Typing of streamed chunks?

Hey folks,
I get a terrible developer experience whenever using `agent.stream`, as chunks are totally untyped and made of relatively complex nested dictionary, with advanced scenarios such as handling HITL.
Do you have tips for a better typing? Do you write your own classes for each chunk type or perhaps reuse types from LangChain or a third-party lib?

Here is a sample code to illustrate:

for chunk in agent.stream(command, config=config):
            # Not typed
            if "__interrupt__" in chunk:
                RUN_LOOP = True
                # Not typed either
                interrupt_val = chunk["__interrupt__"][0].value
                 decisions = []
                # Not typed access
                for action in interrupt_val["action_requests"]:
                    # NOTE: zipping could work but not sure if order is guaranteed
                    review_config = next(rc for rc in
                                         # Deep and not typed...
                                         interrupt_val["review_configs"] if rc["action_name"] == action["name"])
                    response = Prompt.ask(
                        f"Interrupt received for action {action['name']} with config {review_config}.", choices=review_config["choices"])
                    decision = {"type": response}
                    # Default possible responses not typed
                    if response == "edit": 
                         # Handling edition : not typed ':)
                        decision["edited_action"] = console.input(
                            "Proposed edit?")
                    decisions.append(decision)
                # Resume is an untyped dict
                command = Command(resume={"decisions": decisions})

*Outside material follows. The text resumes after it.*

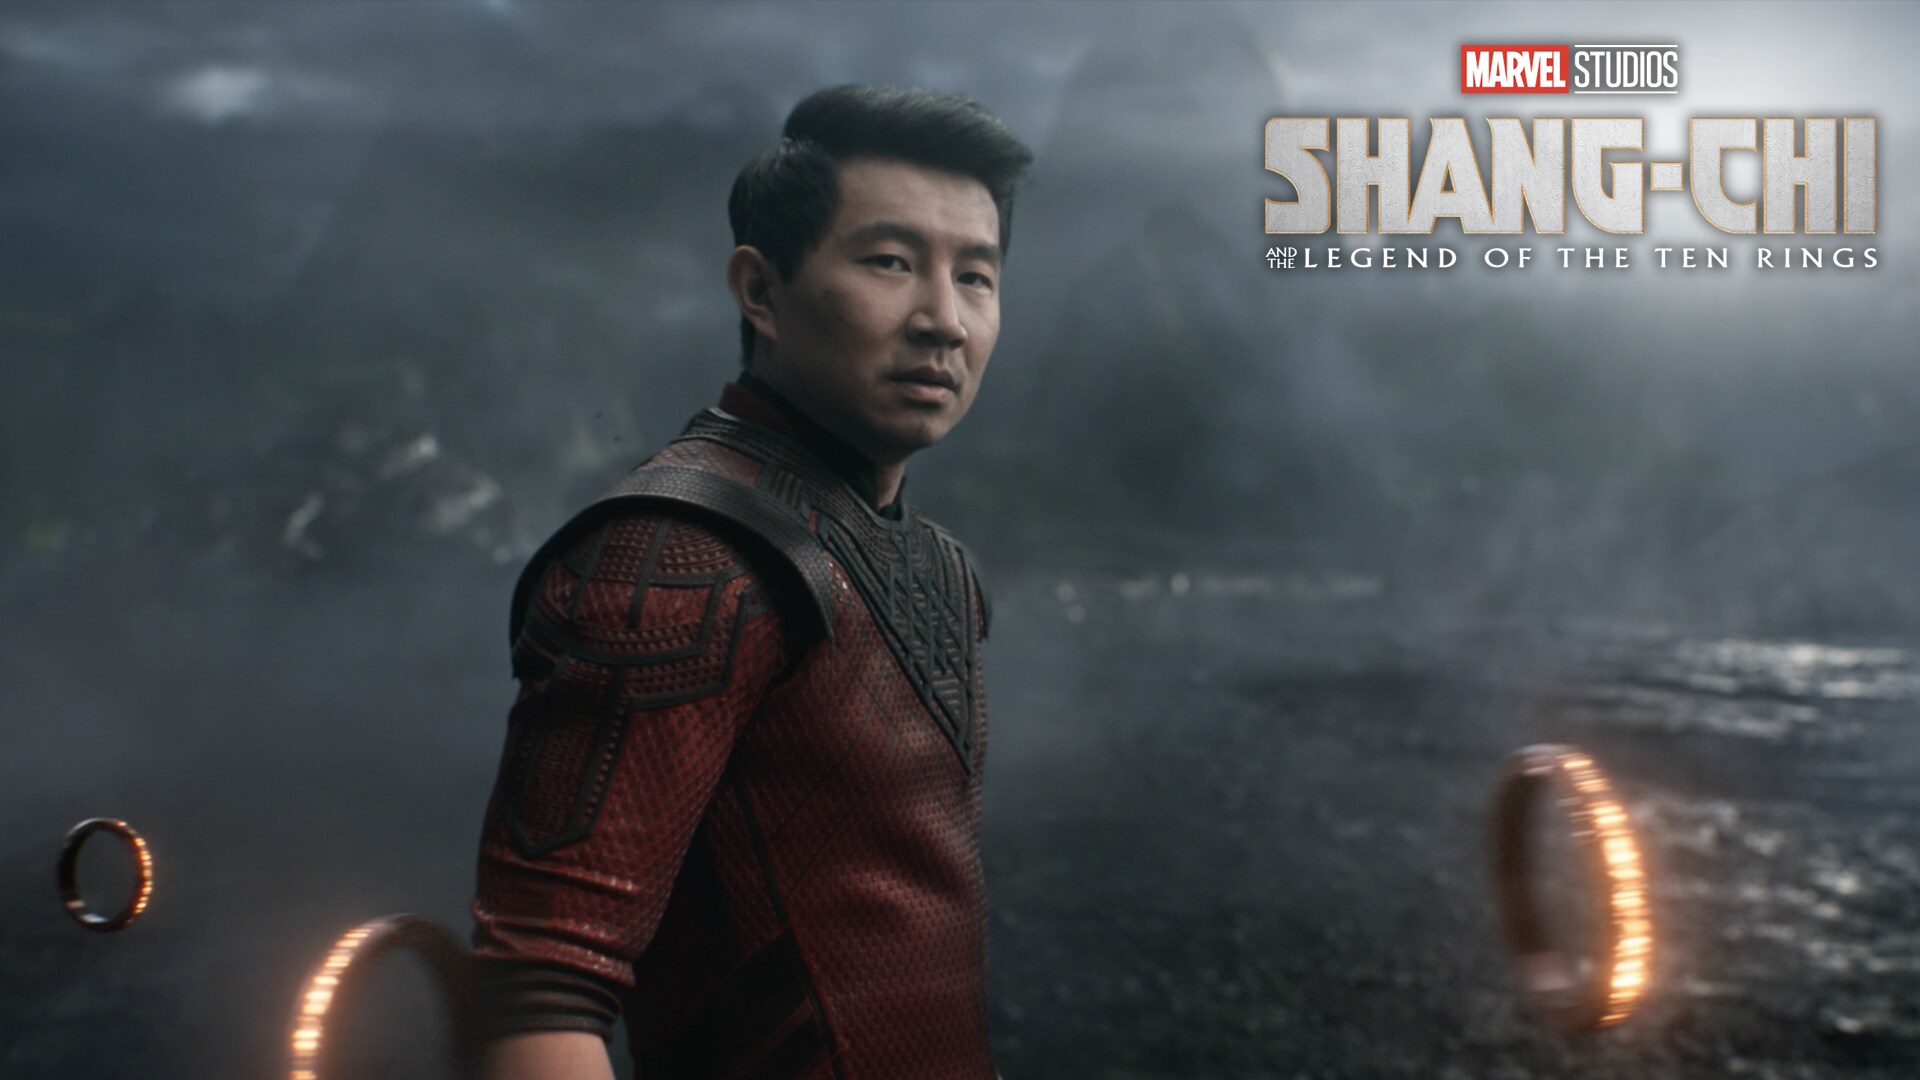 Breath | Marvel Studios’ Shang-Chi and the Legend of the Ten Rings

just released version=”v2” if you want all typed chunks!!

Mar-ve-lous :slight_smile: Will give it a shot ASAP thank you.

For the record, I feel like types are not properly inferred when importing from “langchain.agents”, I couldn’t get type inference. So in the meantime I did manually add a type `chunk: StreamPart`.
AI tells me it could be an issue with overload resolution in Pylance due to the Unpack on kwargs, but not sure about that, my Python typings skills are not strong enough yet to tell that.
Edit : StreamPart from langgraph.types is not good either as it lacks the generic typings and thus is too vast. I’ll try to figure what’s wrong with type inference.